Task item » Write out the data that follows exactly, keeping every picture out.

Data below »
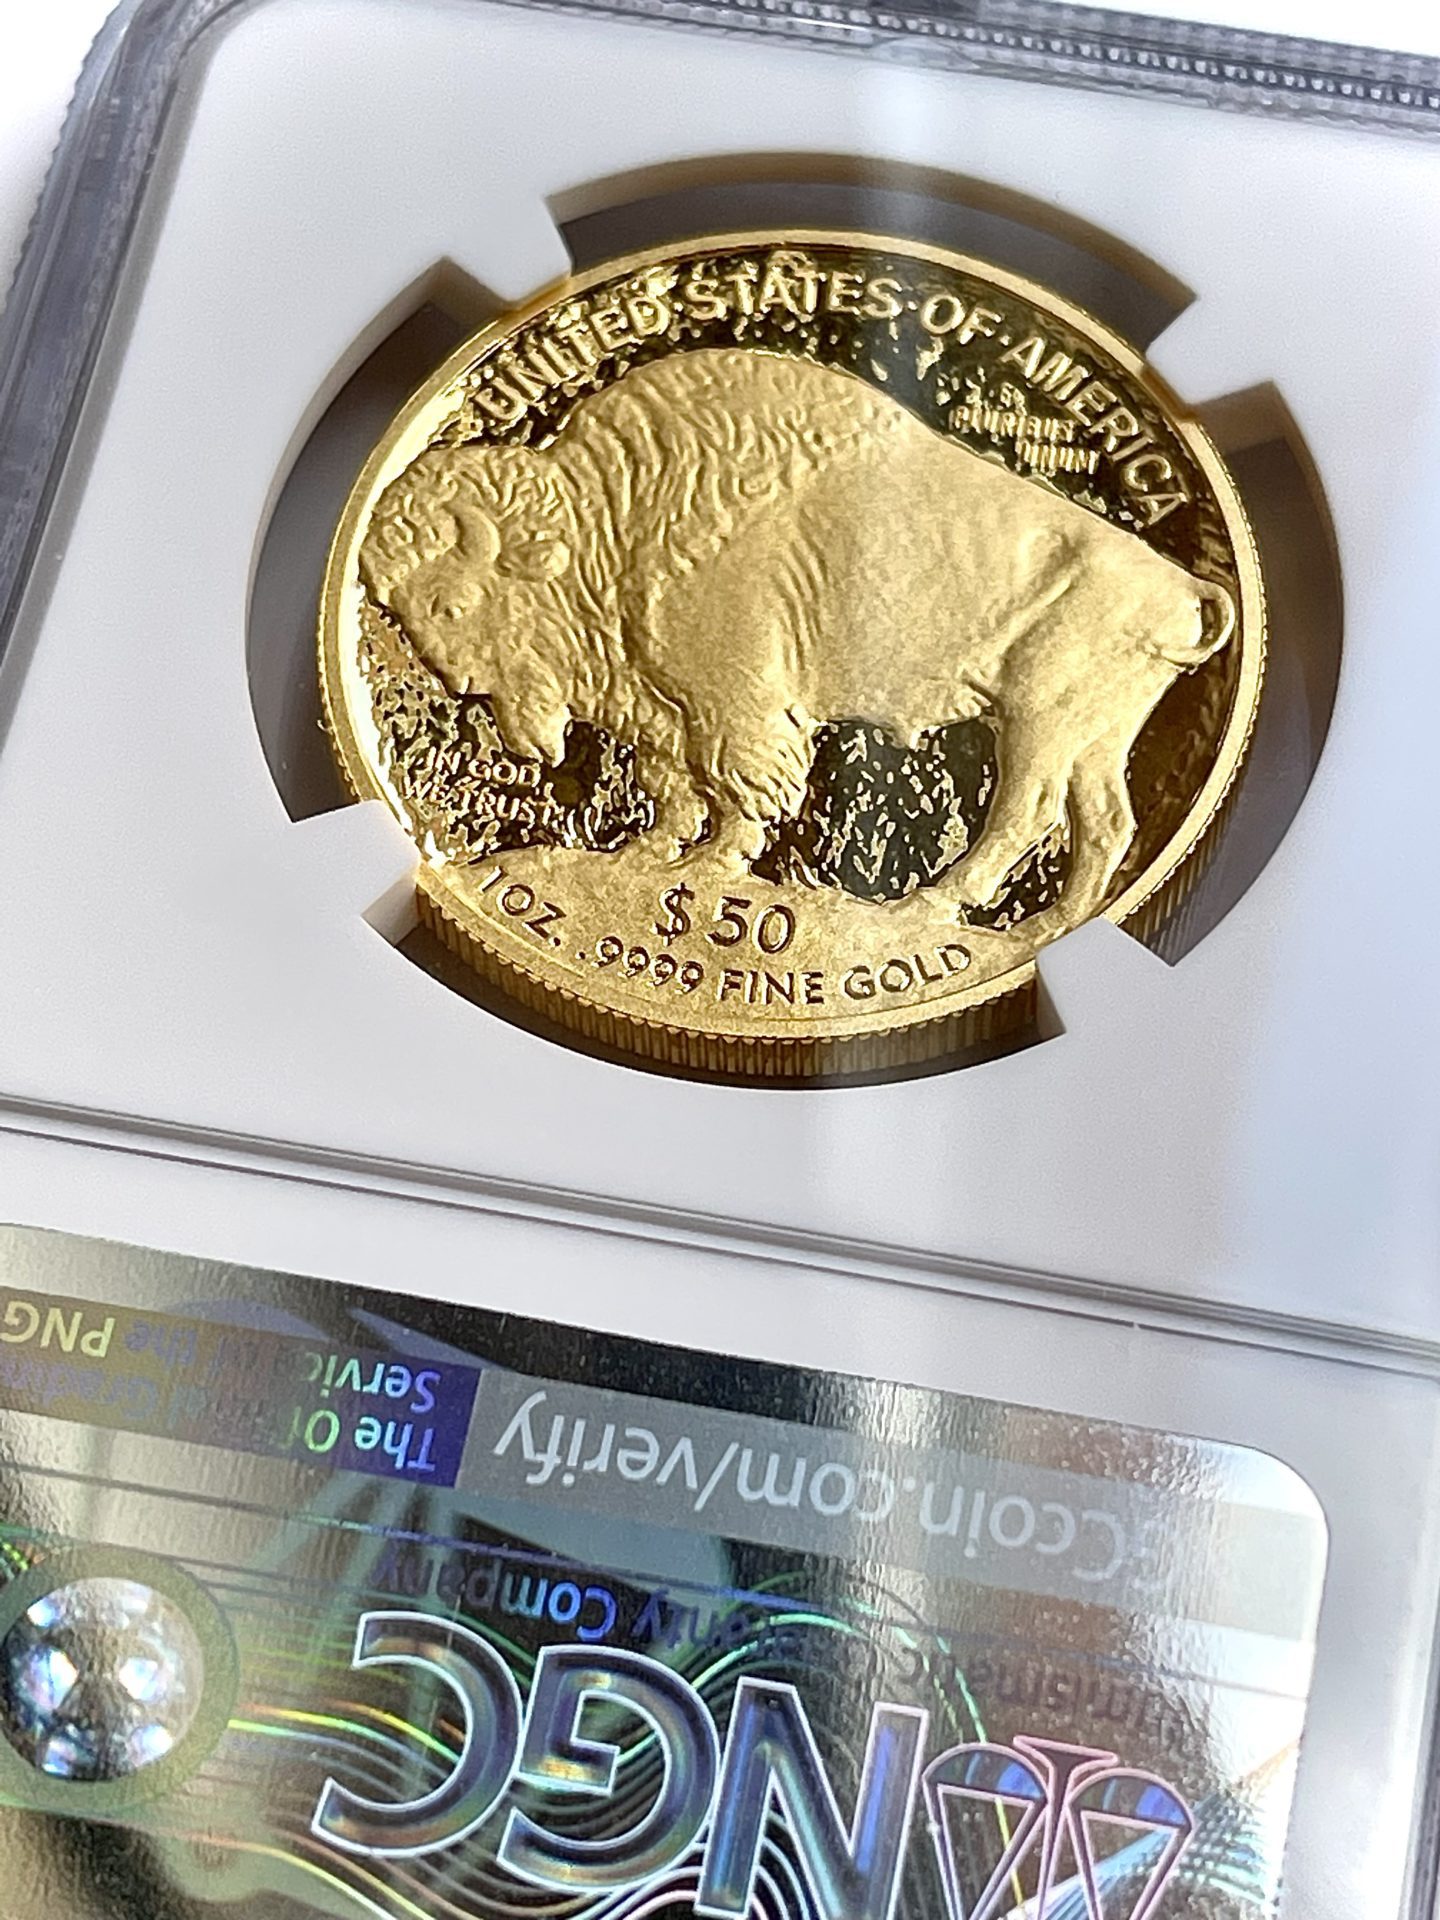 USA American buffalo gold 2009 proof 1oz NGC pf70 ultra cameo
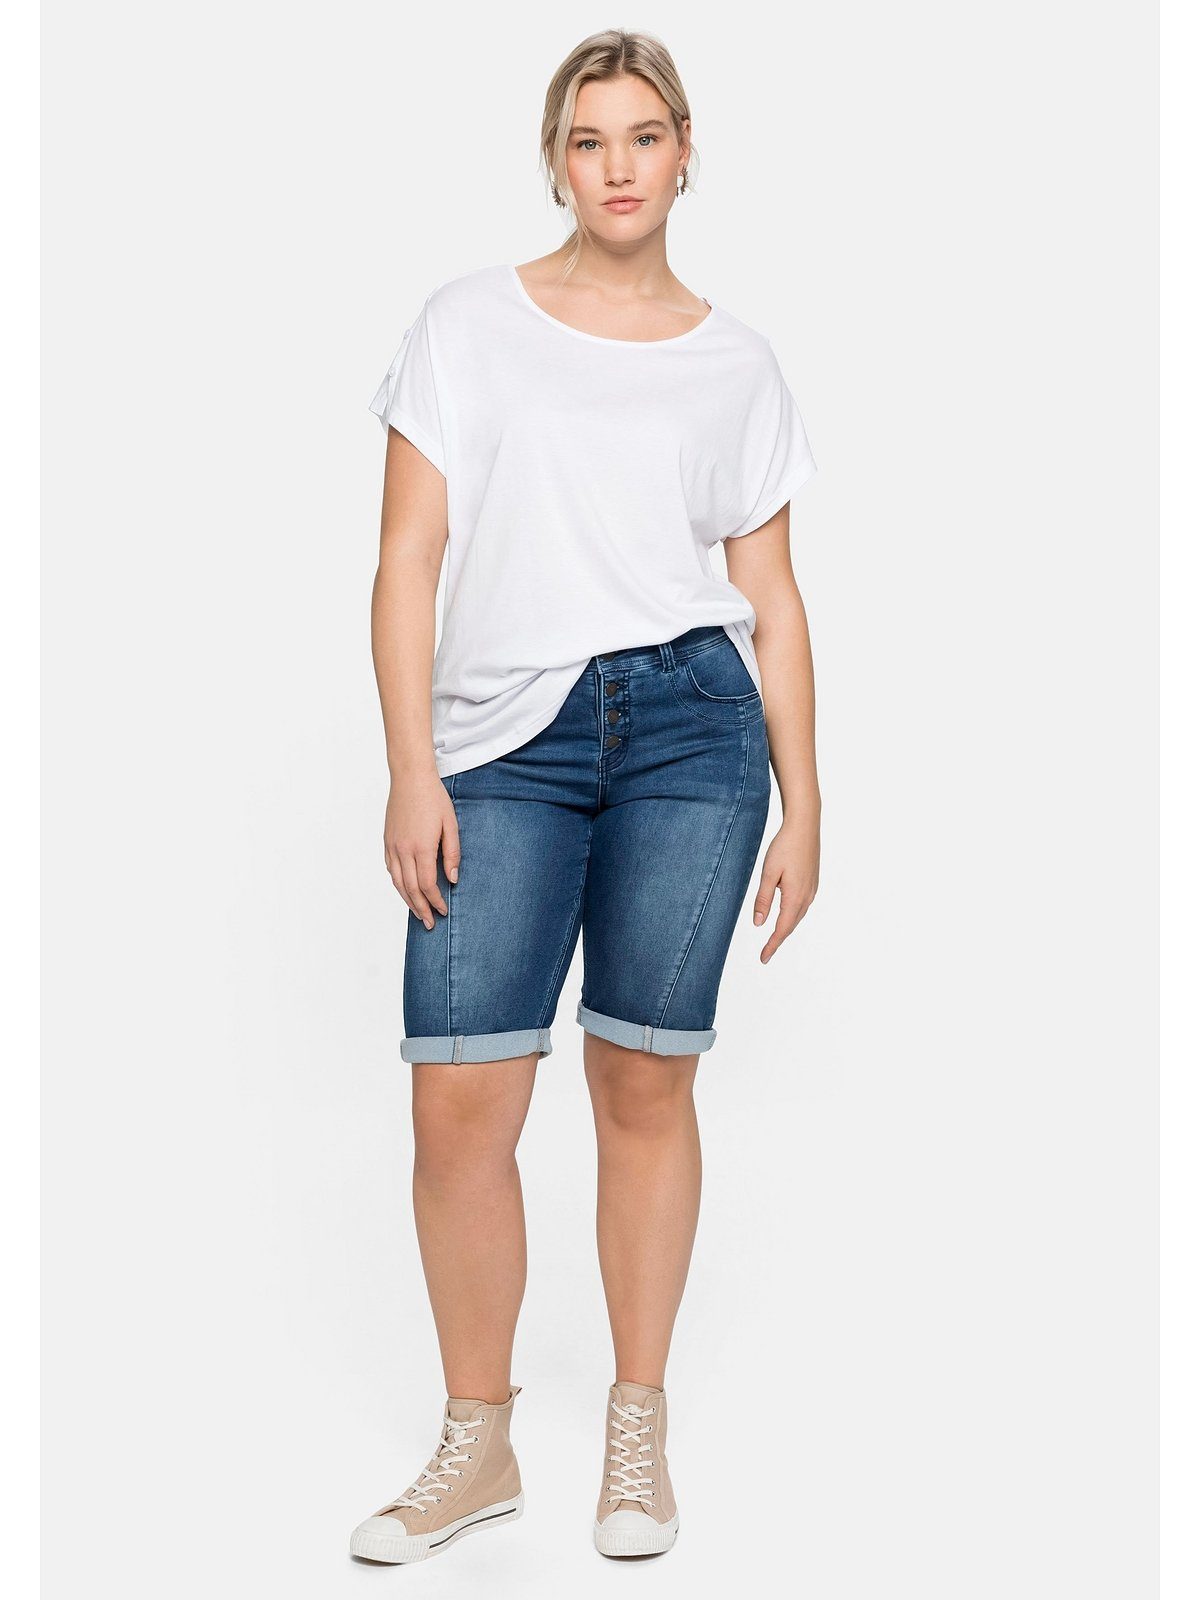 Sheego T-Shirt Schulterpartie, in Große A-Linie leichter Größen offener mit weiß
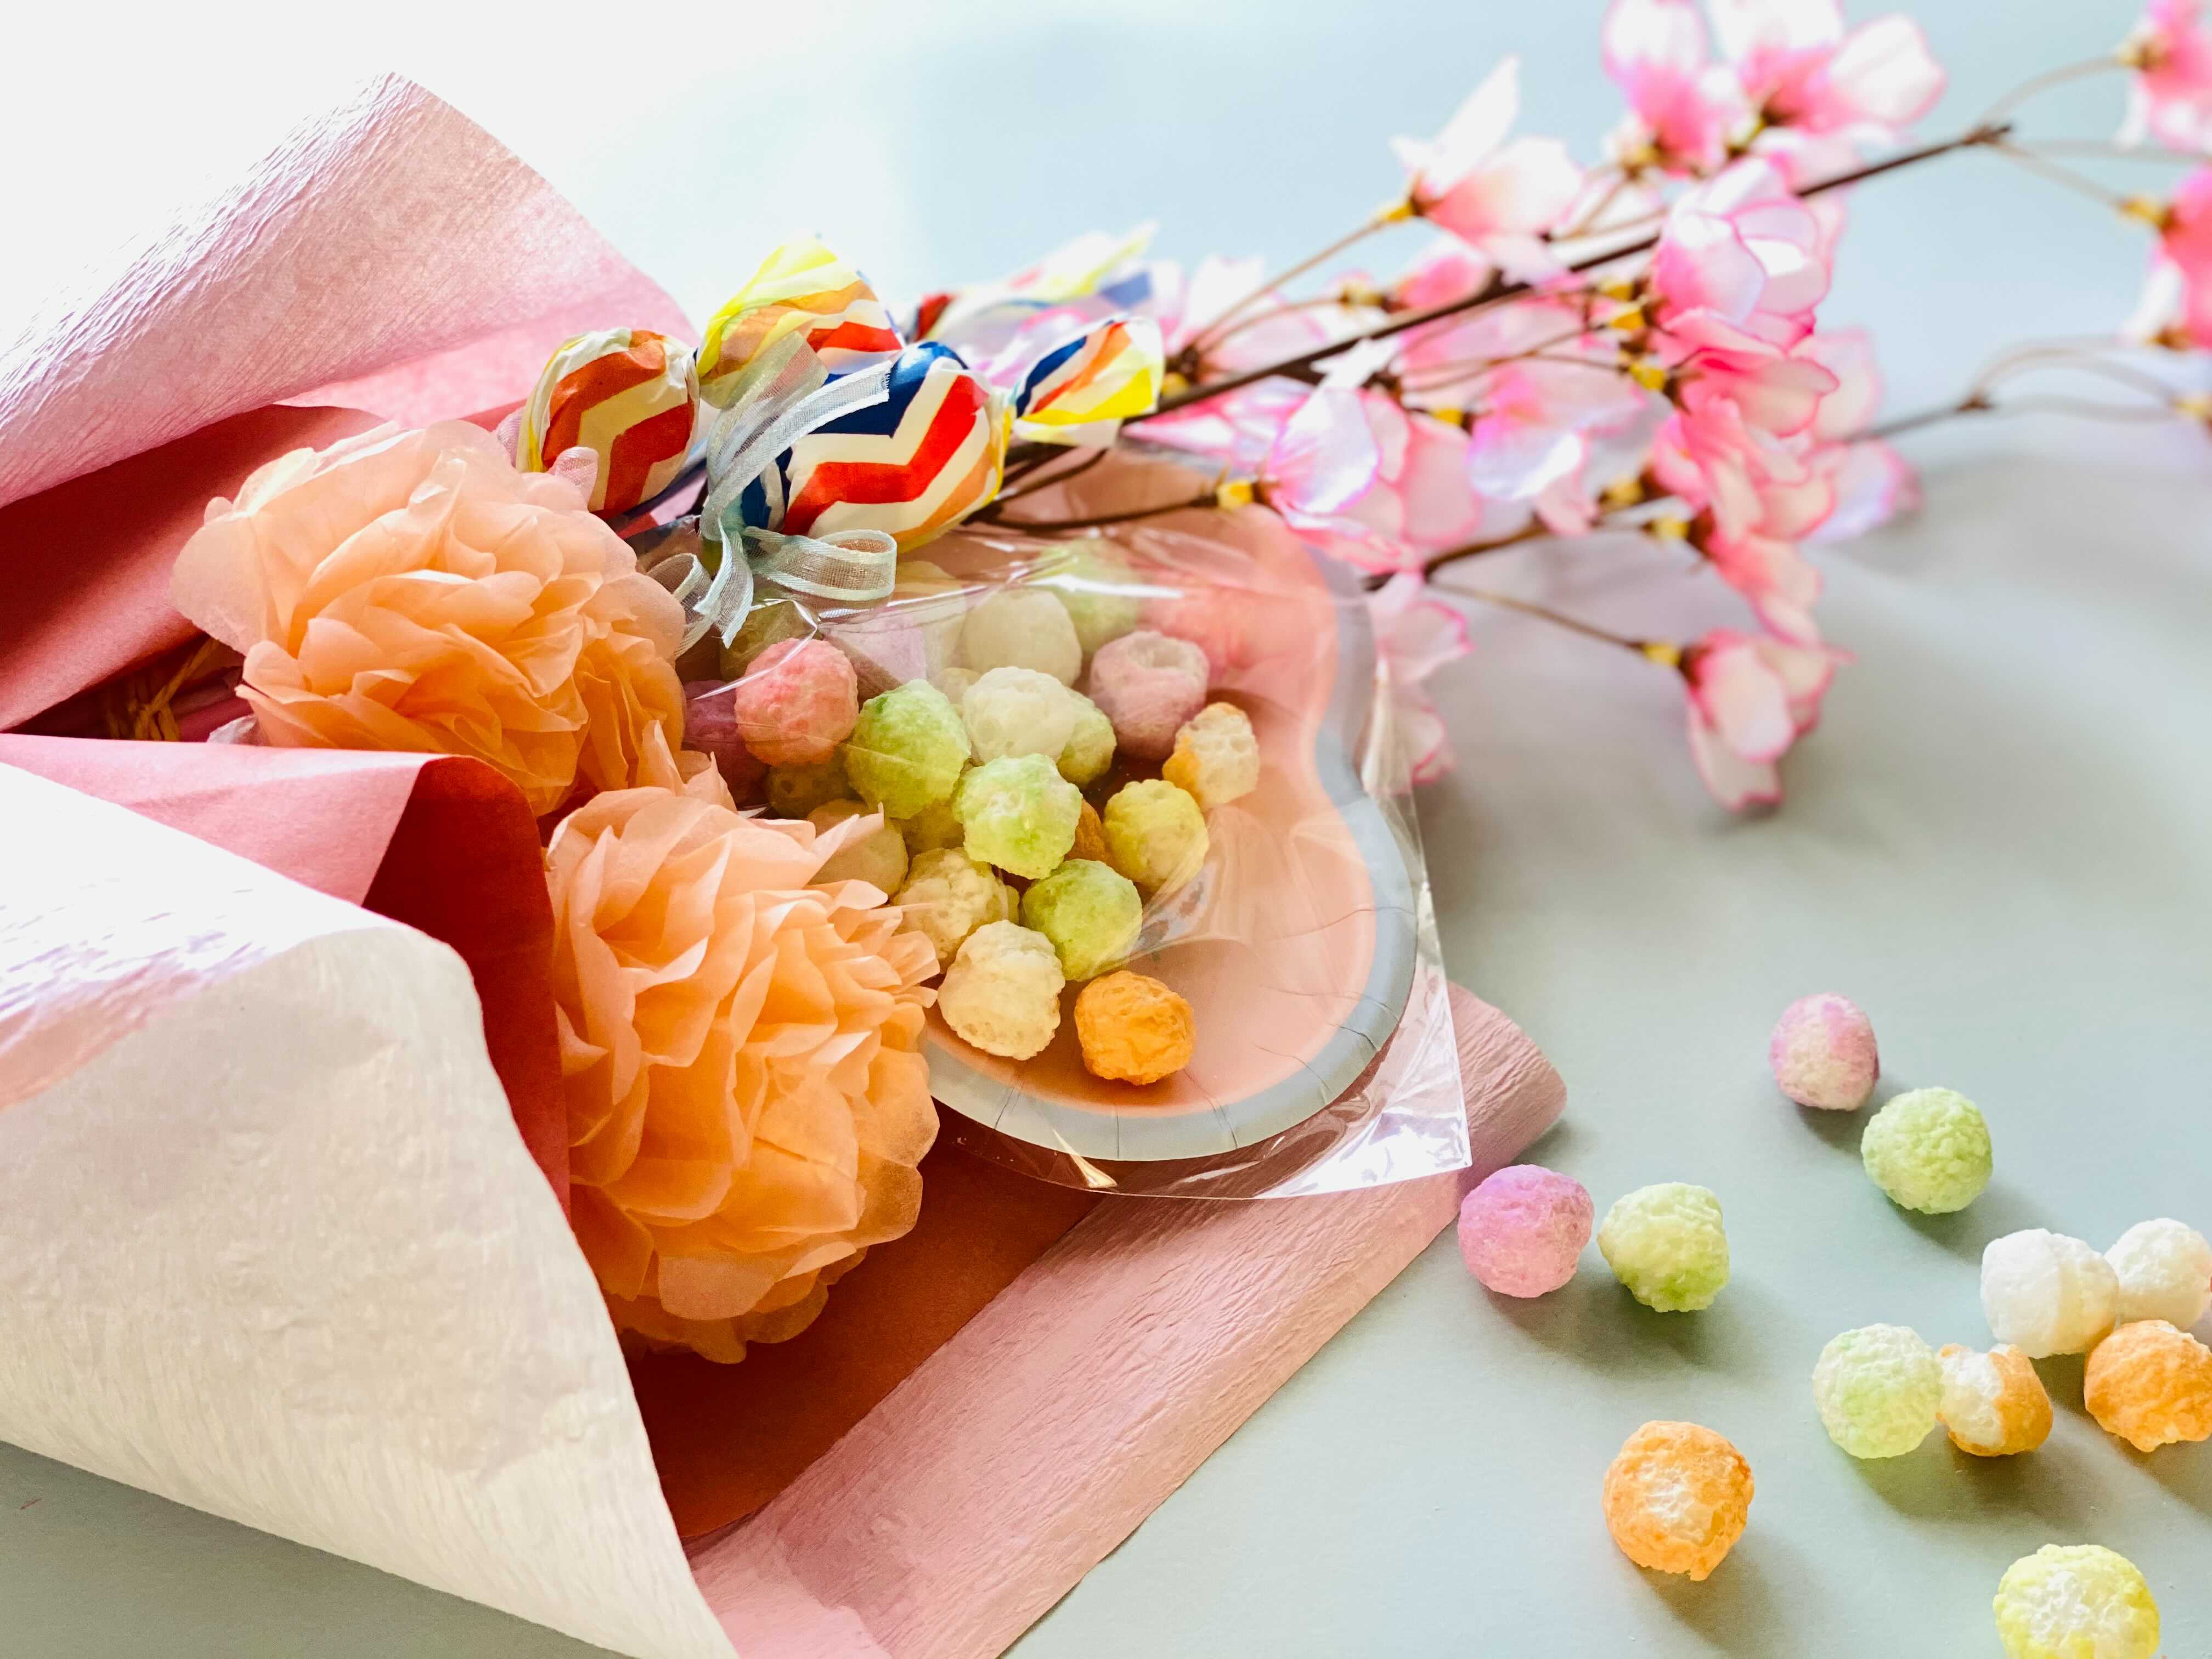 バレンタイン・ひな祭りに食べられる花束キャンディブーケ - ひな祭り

Written response »
 USA American buffalo gold 2009 proof 1oz NGC pf70 ultra cameo
 Sheego T-Shirt Schulterpartie, in Große A-Linie leichter Größen offener mit weiß
 バレンタイン・ひな祭りに食べられる花束キャンディブーケ - ひな祭り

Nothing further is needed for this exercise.